“Nothing ever really disappears from the Internet” – or does it? (25-Apr-2022)

How many times have you tried looking for that article you wanted to re-read only to find yourselves losing it an hour or two later, unsure as to whether you’ve ever read that article in the first place or whether that has been just a figment of your imagination?

I developed OCD some time in my teen years (which probably isn’t very atypical). One aspect of my OCD is really banal (“have I switched off the oven…?!”; “did I lock the front door…?!”) and easy to manage with the help of a camera-phone. Another aspect of my OCD is compulsive curiosity with a hint of FOMO (“what if that one article I miss is the one that would change my life forever…?!”). With the compulsion to *know* came the compulsion to *remember*, which is where the OCD can sometimes get a bit more… problematic. I don’t just want to read everything – I want to remember everything I read (and where I read it!) too.

When I was a kid, my OCD was mostly relegated to print media and TV. Those of us old enough to remember those “analogue days” can relate to how slow and challenging chasing a stubborn forgotten factoid was (“that redhead actress in one of these awful Jurassic Park sequels… OMG, I can see her face on the poster in my head, I just can’t see the poster close enough to read her name… she was in that action movie with that other blonde actress… what is her ****ing name?!” – that sort of thing).

nothing ever disappears from the internet

Then came the Web, followed by smartphones.

Nowadays, with smartphones and Google, finding information online is so easy and immediate that many of us have forgotten how difficult it was a mere 20-something years ago. Moreover, more and more people have simply never experienced this kind of existence at all.

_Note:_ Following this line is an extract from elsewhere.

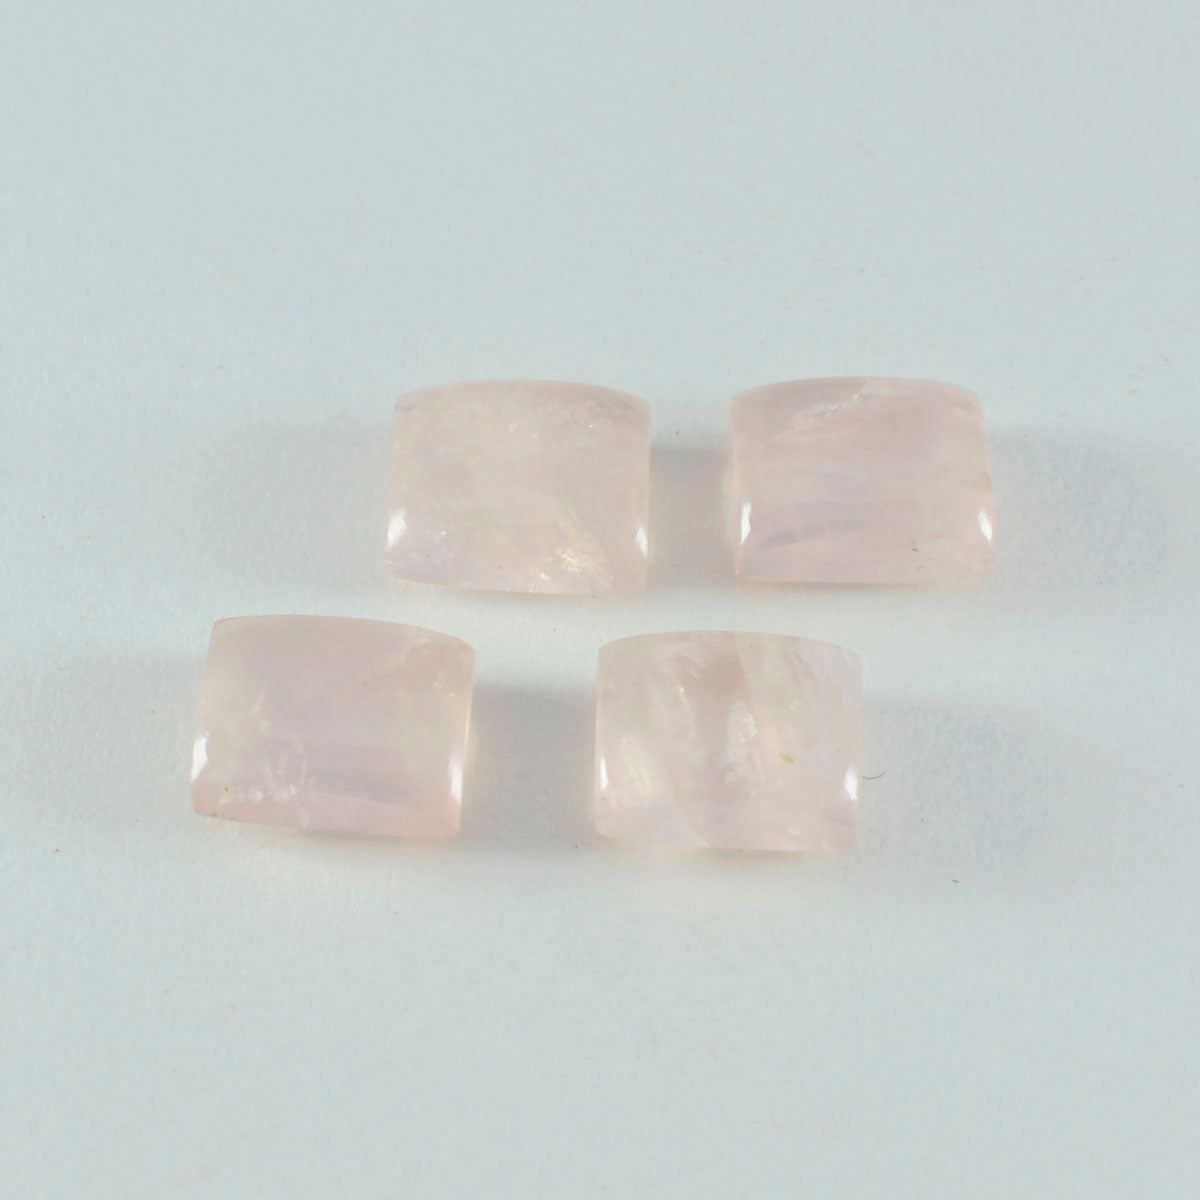 riyogems 1pc cabochon di quarzo rosa rosa 10x14 mm forma ottagonale pietra preziosa di qualità sorprendente

We get more content pushed our way than we could possibly consume: Chrome Discover recommendations; every single article in your social media feeds; all the newsletters you receive and promise yourself to start reading one day (spoiler alert: you won’t; same goes for that copy of Karl Marx’s “Capital” on your bookshelf); all the articles published daily by your go-to news source; etc. Most people read whatever they choose to read, close the tab, and move on. Some remember what they’ve read very well, some vaguely, and over time we forget most of it (OK, so it probably is retained on some level [like these very interesting articles claim 1,2], gradually building up our selves much like tiny corals build up a huge coral reef, but hardly anyone can recall titles and topics of the articles they read days, let alone years prior).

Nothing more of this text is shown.